Сам же помог подняться отцу. Подал ему скрипку и накинул на его плечи плащ.

   Ехали через весь город. Дважды останавливалась карета – так плохо было маэстро. Дважды сын предлагал повернуть назад. Он боялся, что отец умрёт в карете от сильного горлового кровотечения. Но оба раза, не открывая глаз, великий Паганини отрицательно качал головой. И они, наконец, доехали.

   Она услыхала чуть облегченный вздох зала.    Понимают! Всё понимают, – радостно отметила про себя и подарила залу благодарную улыбку.

   – Маэстро с трудом раскрыл глаза. Карета стояла перед белокаменной виллой, окруженной забором такого же камня, сплошь увитым разросшимся зеленым плющом. Он узнал это место.

   Судьбе было угодно под конец его жизни привести его туда, где в молодости он был любим и счастлив. Целый год он пробыл в этом
райском уголке пленником нежной любви молодой графини. Она швырнула к его ногам себя и все свое состояние. Но ему нужен
был весь мир, вся вселенная. Графиня знала, что ей не одолеть свою соперницу – его скрипку. Спрятала её подальше от его глаз ,звала дьяволицею.

   Когда он вот по этой аллее убегал из её сладкого плена, безутешная женщина кричала ему вослед с крыльца.

   – Убийца! Ты убил меня! У тебя нет сердца! Ты – дьявол! Убирайся к своей дьяволице!

   И вот теперь он здесь. За былое счастье надо платить, как бы поздно не было. Хотя бы воспоминаниями, которые обходятся нам очень дорого. Так они безжалостно казнят нас. Он вернулся сюда как друг, как прежний Николо, пусть уже умирающий, но все тот же самый, а не всемирно известный победитель в золотой карете.

   Поэтому расстояние от ворот до крыльца он пройдет сам, пешком, чего бы ему не стоило.

   И он прошел это расстояние. И предстал перед ней. И одержал ещё одну победу. Может быть, самую важную победу над самим собой. Ему опорой было только слабое плечо сына.

   Перед ним стояла всё так же прекрасная графиня. Перед ней стоял её прежний Николо. Она видела, как он шел. Понимала, что это для него значит. И ждала, а сердце летело ему навстречу.

    Она поднесла к его лицу свою руку с платком и вытерла с его лба тот пот, с которым из человека уходит жизнь. Смеясь и плача сказала.

   – Ты напрасно не заехал во двор в карете. У ворот с утра дежурят шпионы Ватикана. Они имели достаточно времени тебя рассмотреть…

   Подошла к двери, ведущей в большой светлый зал с огромными стрельчатыми окнами, где, он знал, была прекрасная акустика. Слегка отогнула портьеру.

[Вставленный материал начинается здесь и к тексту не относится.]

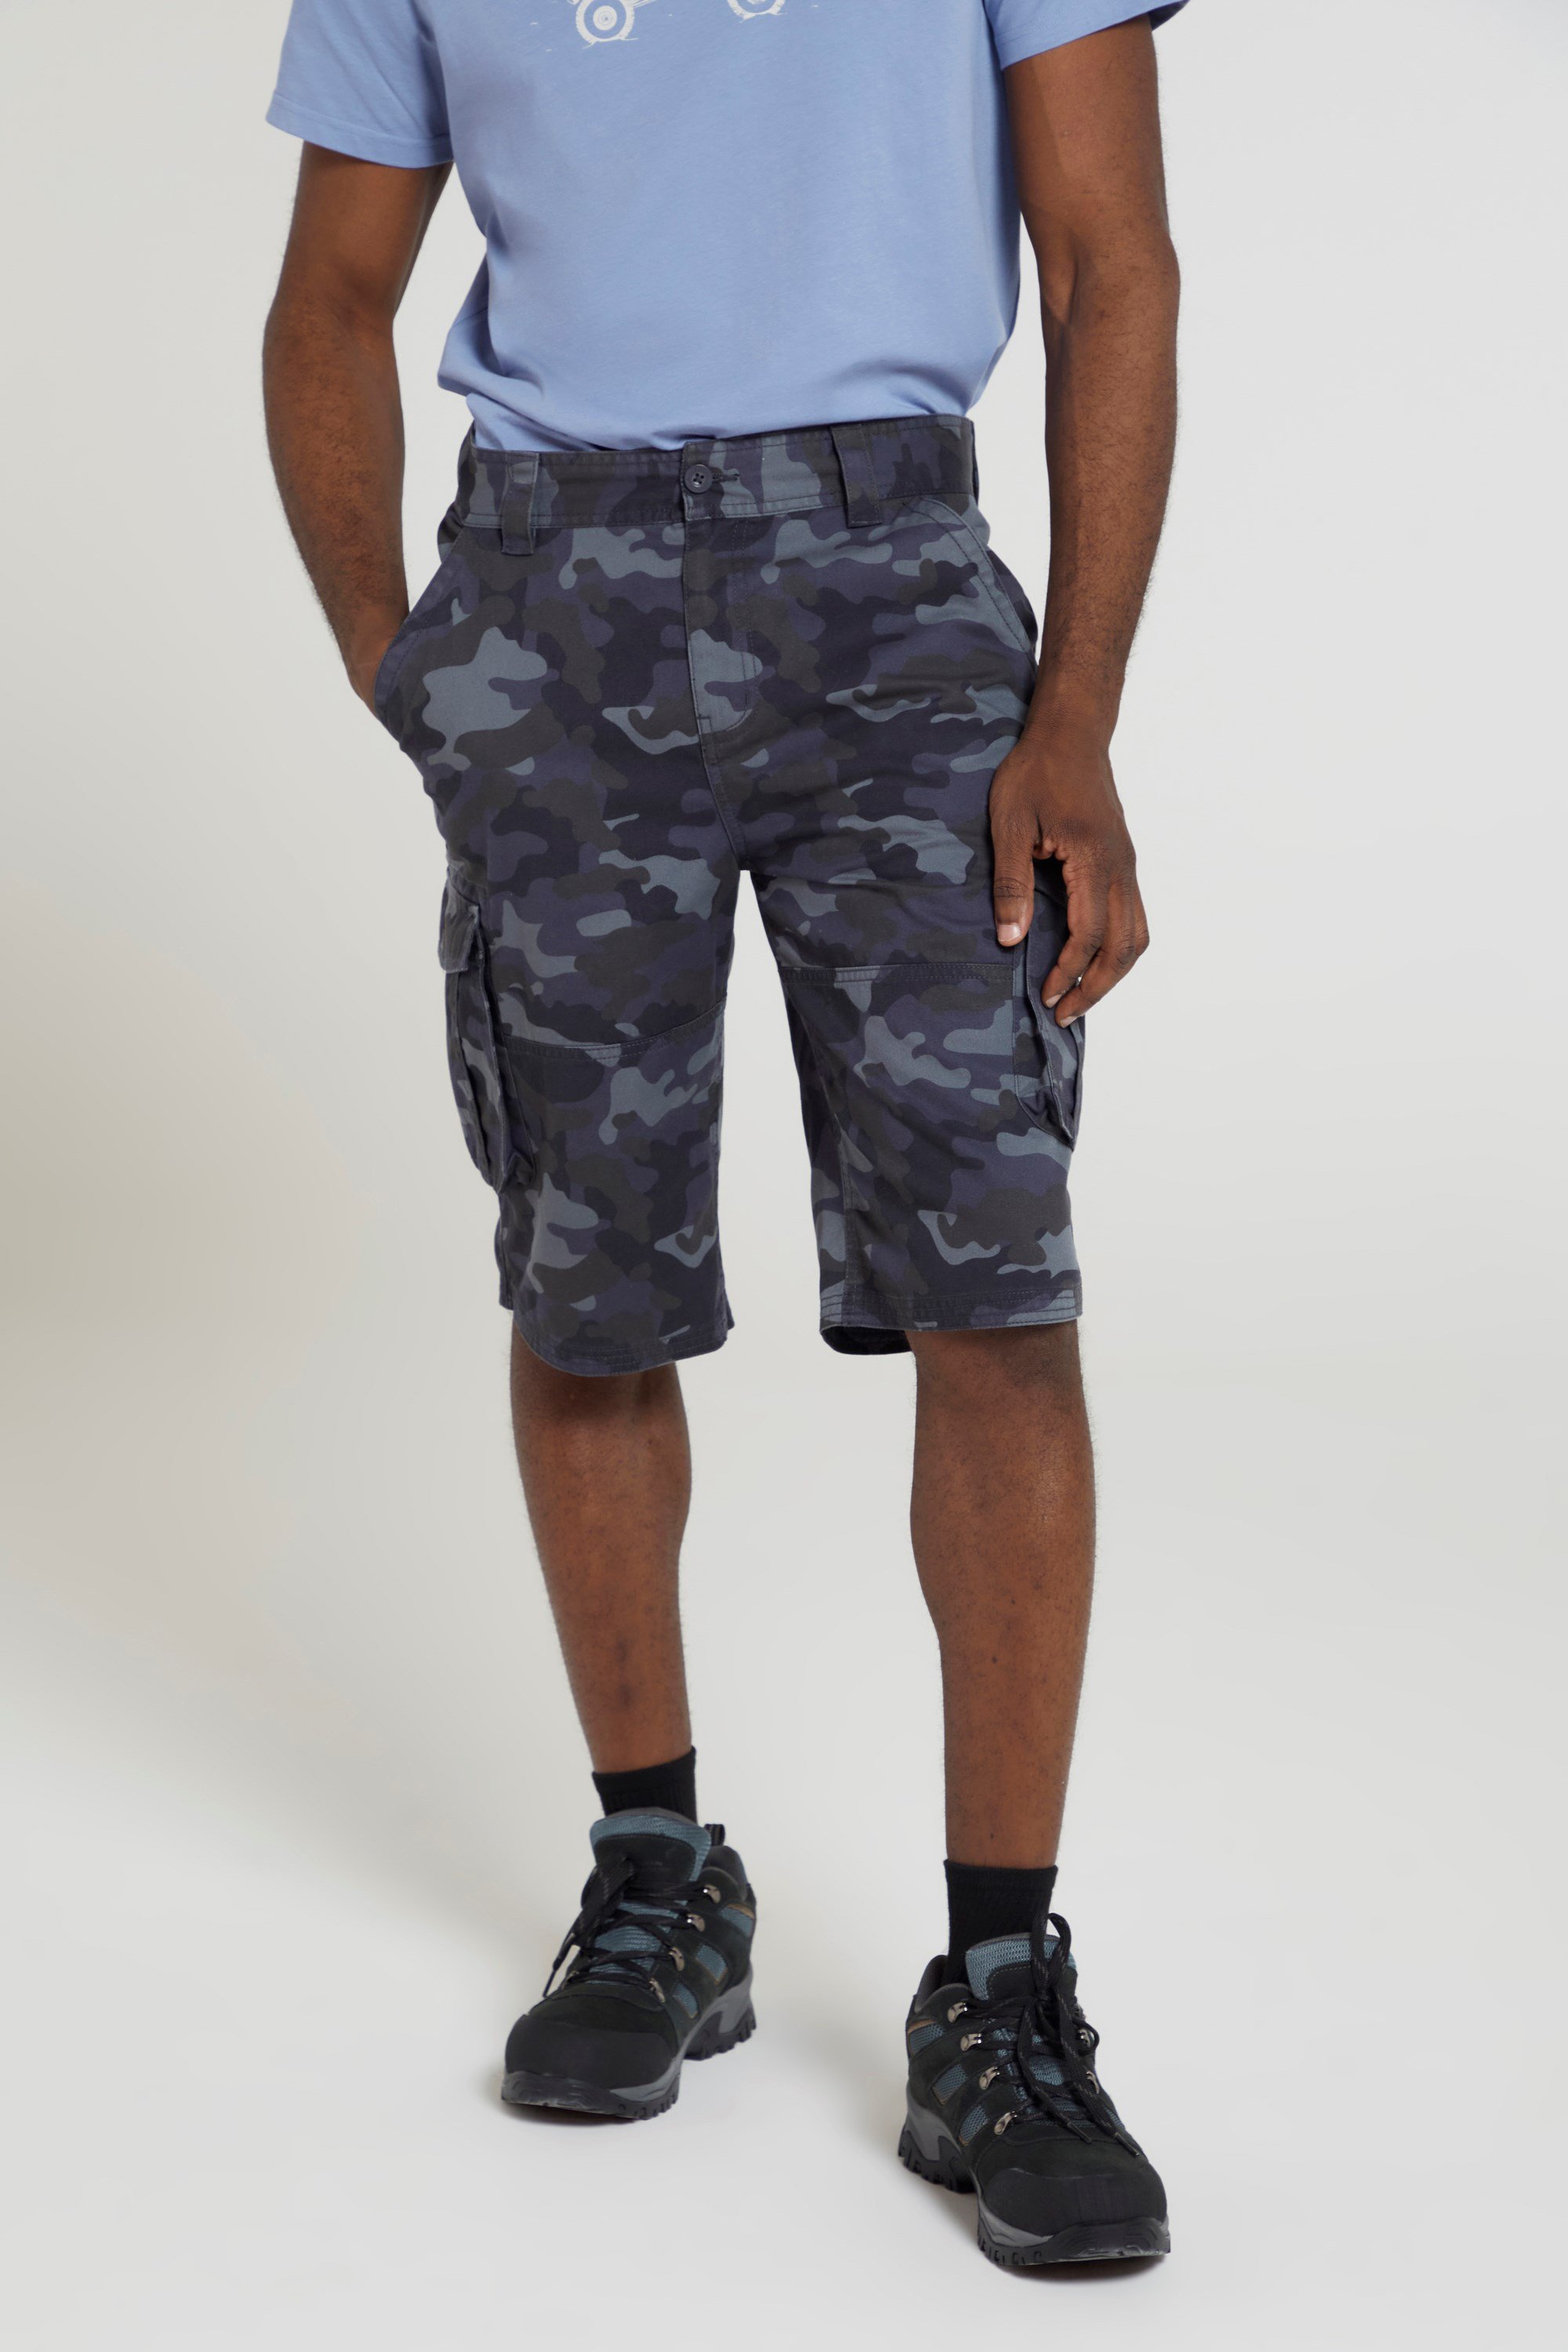 AOYOG Men's Camo Cargo Shorts Relaxed Fit Multi-Pocket Outdoor Camouflage  Cargo Shorts Cotton

   Он увидел собравшихся в ней людей, ради которых он проделал этот путь. Брови маэстро сердито нахмурились. Мальчик был его голосом.

   – Здесь только два моих друга – Чезаре и Пеппо, карбонарии. Остальных я не знаю!

   – Зато они знают тебя! Вон те двое – это масоны из Англии, а те – представители братства Розенкрейцеров из Германии. Тот, с генеральской лентой – представитель мальтийского ордена. Вон тот с черной бородкой на бледном лице и горящими глазами, который стоит задумчиво у стены, скрестив на груди руки, из России. За его поимку обещана крупная награда.

  Карбонарии Чезаре и Пеппо случайно уцелели после жестокой расправы правительственных войск с восставшими. Они больше всех будут рады встрече с тобой. И все остальные там такие же верные наши друзья. Иди к ним. Они ждут тебя.

   Это проговорил тот самый друг маэстро, который был у него дома.

   – Иди! – Повторил он. – Где твоя скрипка?

   И широко распахнул в разные стороны тяжелые портьеры.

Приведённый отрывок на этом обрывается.